BACKGROUND: Research in rodents demonstrated that psychological stress increases circulating levels of alanine transaminase, aspartate transaminase, and alkaline phosphatase reflecting liver injury. Moreover, chronic posttraumatic stress disorder and transaminases predicted coronary heart disease. AIMS: To investigate the hypothesis that severity of posttraumatic stress disorder following myocardial infarction would prospectively relate to liver enzymes. METHODS: Study participants were 24 patients (mean 59+/-7 years, 79% men) with an interviewer-rated diagnosis of posttraumatic stress disorder caused by an index myocardial infarction 3+/-3 months before. After a mean follow-up of 26+/-6 months, patients had a clinical interview to reassess posttraumatic stress disorder severity, a medical history, and blood collected to determine liver enzymes. RESULTS: Total posttraumatic stress disorder symptoms assessed at study entry prospectively predicted plasma levels of alanine transaminase (r=.47, p=.031) and alkaline phosphatase (r=.57, p=.004), but not of aspartate transaminase (p=.15), controlling for follow-up duration and antidepressant use. Total posttraumatic stress disorder symptoms assessed at follow-up were associated with alanine transaminase (r=.72, p=.004), aspartate transaminase (r=.60, p=.018), and alkaline phosphatase (r=.64, p=.001) in the 16 patients who had maintained diagnostic posttraumatic stress disorder, but not in all 24 patients. CONCLUSIONS: The severity of posttraumatic stress disorder following myocardial infarction was associated with mild increase in liver enzyme levels, suggesting that chronic psychological stress relates to hepatic damage in humans. This might help to explain the previously observed increased cardiovascular risk in chronically traumatized individuals.
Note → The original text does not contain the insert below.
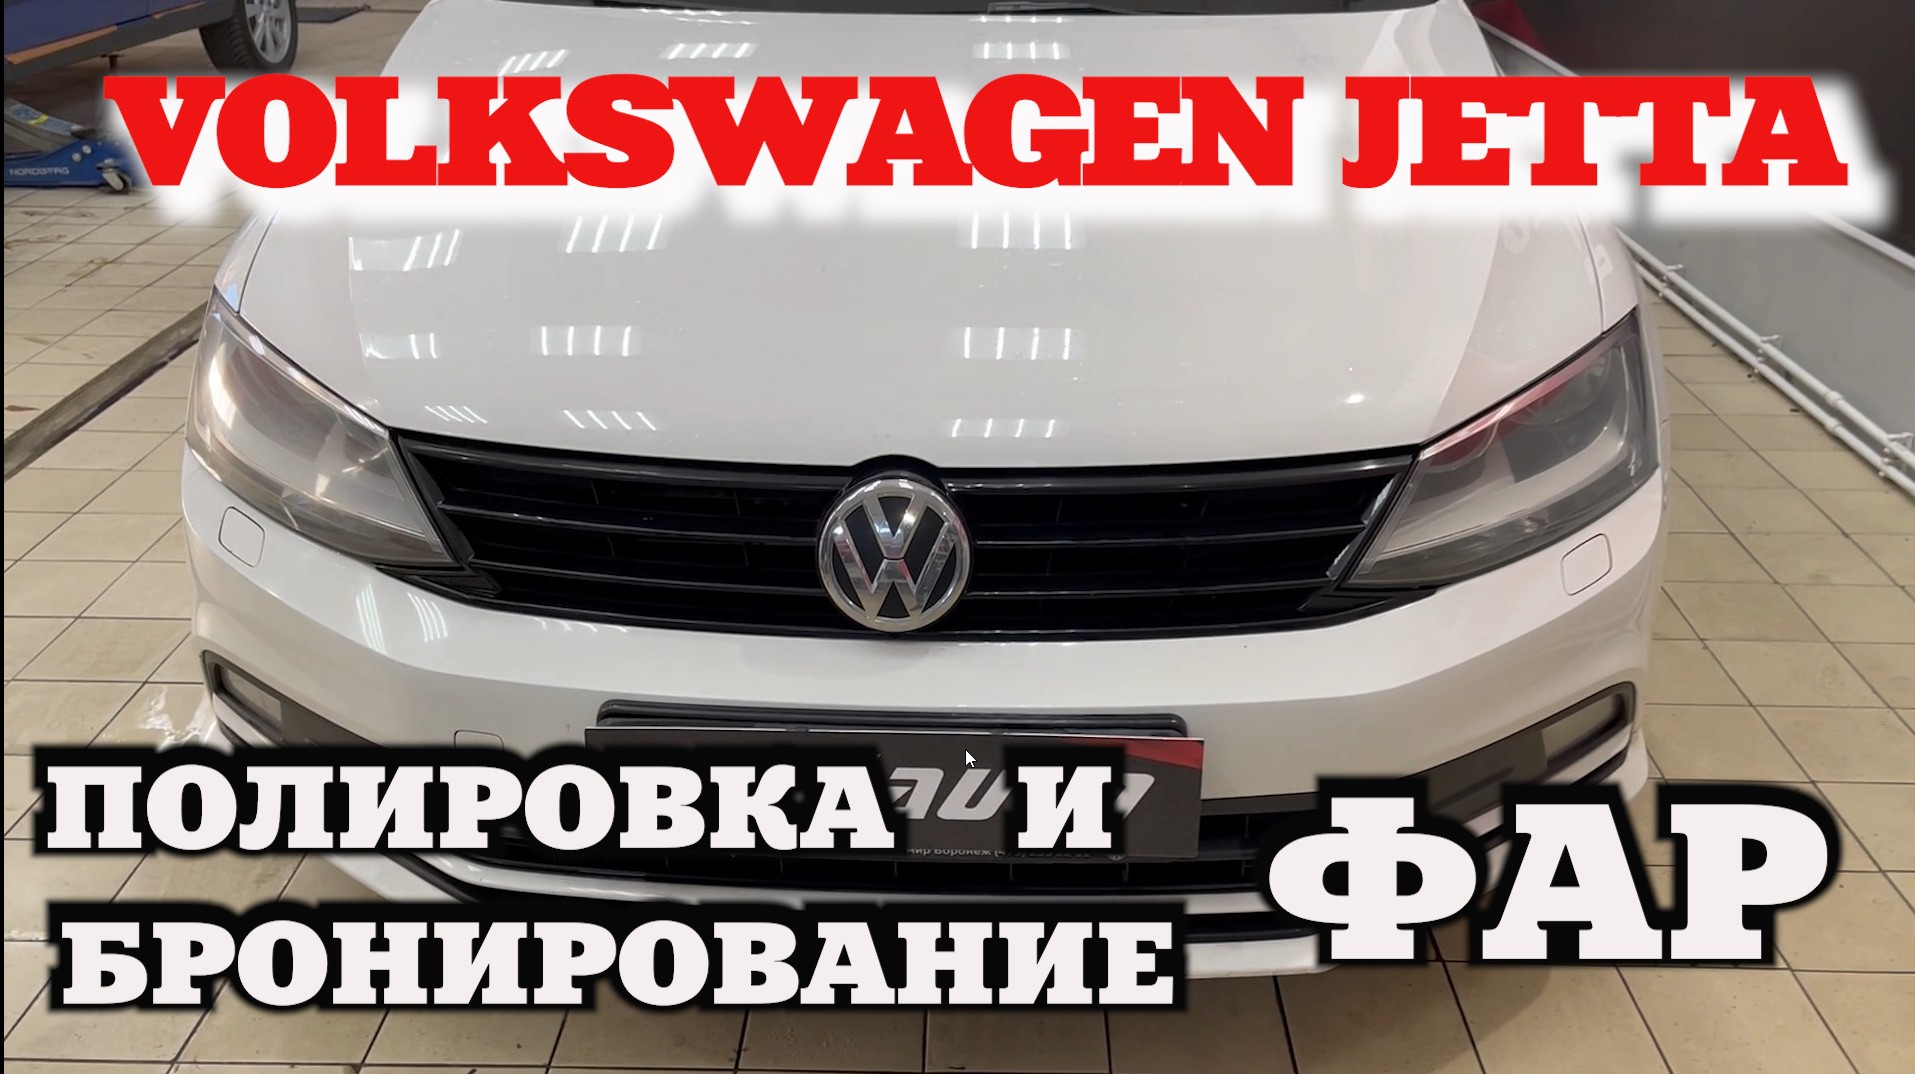 Volkswagen Jetta полировка и бронирование фар

Trajectory of posttraumatic stress disorder caused by myocardial infarction: a two-year follow-up study.

OBJECTIVE: A substantial proportion of patients develop posttraumatic stress disorder (PTSD) following myocardial infarction (MI). Previous research on the trajectory over time of PTSD in post-MI patients is scant and refers to self-rated posttraumatic symptoms. The aim of this study was to investigate the longitudinal course of an interviewer-rated diagnosis of PTSD and PTSD symptom severity following MI. METHODS: Study participants were 40 patients (78% men, mean age 54 +/- 8 years) who were diagnosed with PTSD using the Clinician-administered PTSD Scale (CAPS) after an average of 5 +/- 4 months (range 2-16 months) following an index MI. After a mean follow-up of 26 +/- 6 months (range 12-36 months), 24 patients underwent a second diagnostic interview. RESULTS: Two-thirds of patients (n = 16) still qualified for a diagnosis of PTSD at follow-up. In all 24 patients, total PTSD symptoms (p = 0.001), re-experiencing symptoms (p < 0.001), avoidance symptoms (p = 0.015), and, with borderline significance, hyperarousal symptoms (p < 0.06) had all decreased over time. However, in the subgroup of the 16 patients who had retained PTSD diagnostic status at follow-up, symptoms of avoidance (p = 0.23) and of hyperarousal (p = 0.48) showed no longitudinal decline. Longer duration of follow-up was associated with a greater decrease in avoidance symptoms (p = 0.029) and, with borderline significance, in re-experiencing symptoms (p < 0.07) across all patients. CONCLUSION: Although PTSD symptomatology waned over time and in relation to longer follow-up, two-thirds of patients still qualified for a diagnosis of PTSD 2 years after the initial diagnosis. In post-MI patients, clinical PTSD is a considerably persistent condition.